What you are asked to do> Each line below from the "02581 - E BE04" line through the "På kaken sto" line, those two included, must be restated word for word; the pictures must not be.

Extracted entries>

______

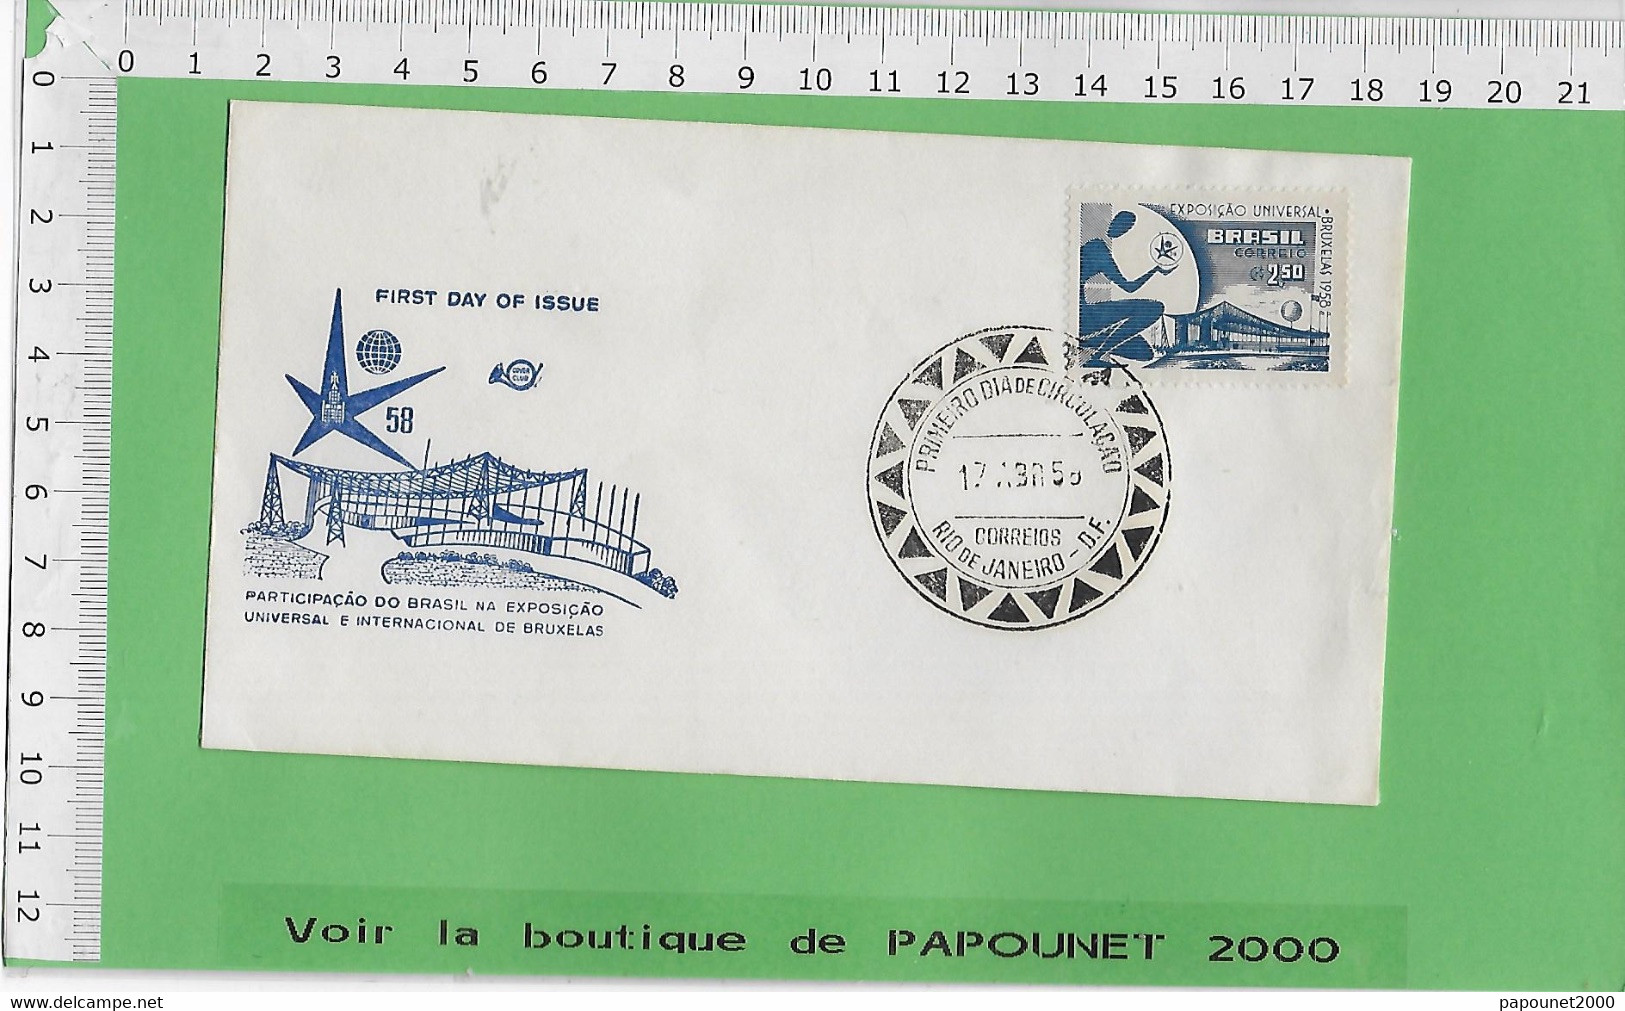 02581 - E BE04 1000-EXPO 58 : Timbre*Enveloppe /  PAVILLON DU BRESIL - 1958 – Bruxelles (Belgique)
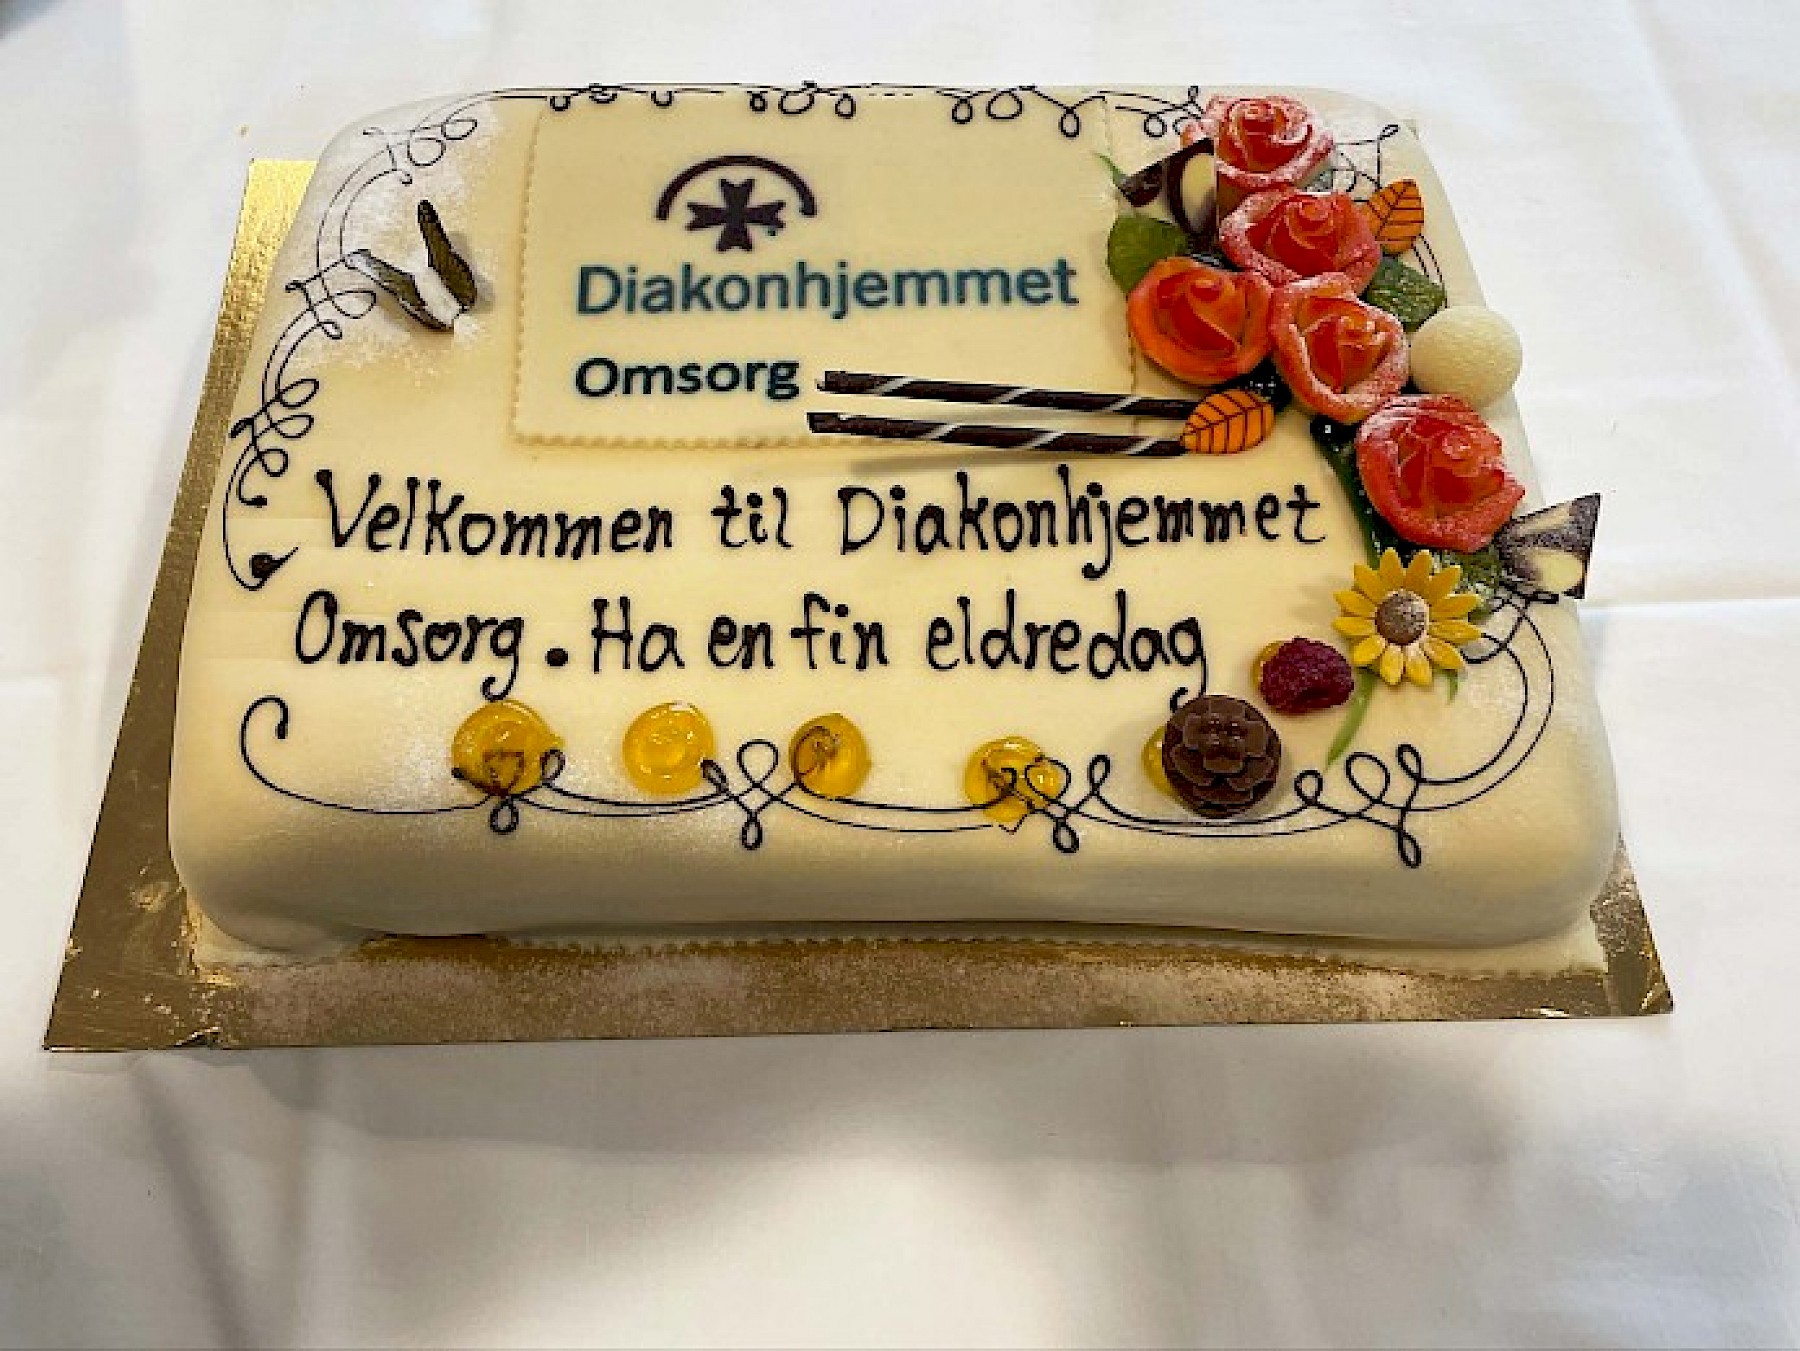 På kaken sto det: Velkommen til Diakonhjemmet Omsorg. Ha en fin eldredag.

______

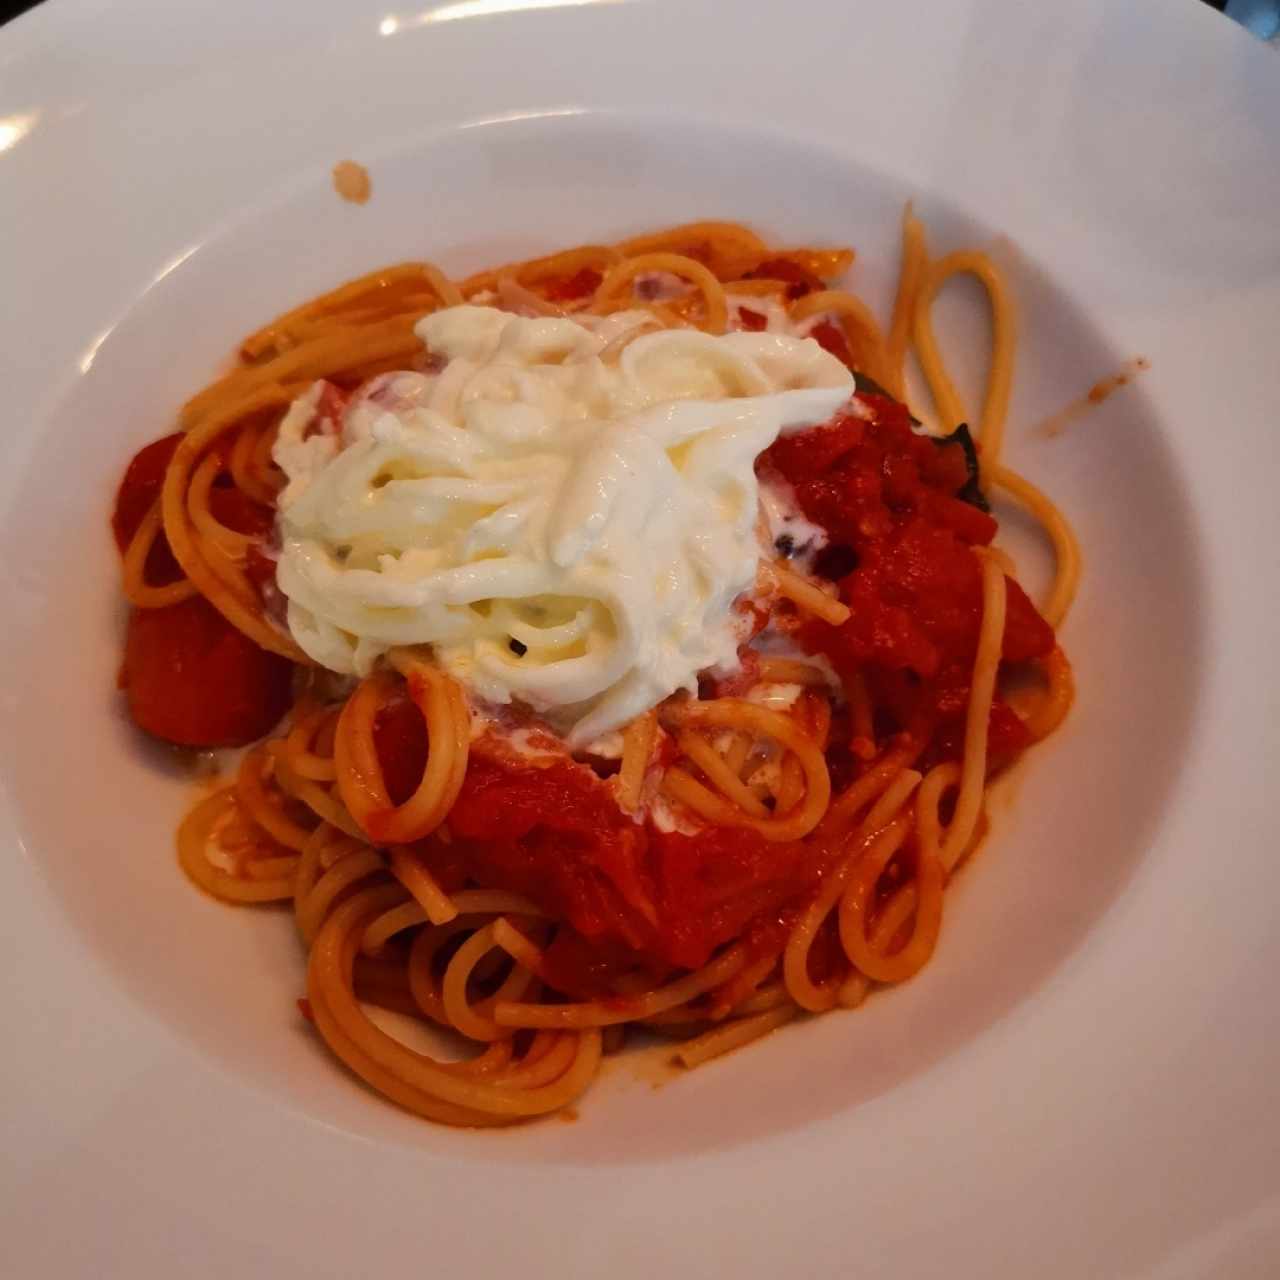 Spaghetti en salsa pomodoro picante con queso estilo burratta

______

Expected answer>
 02581 - E BE04 1000-EXPO 58 : Timbre*Enveloppe /  PAVILLON DU BRESIL - 1958 – Bruxelles (Belgique)
 På kaken sto det: Velkommen til Diakonhjemmet Omsorg. Ha en fin eldredag.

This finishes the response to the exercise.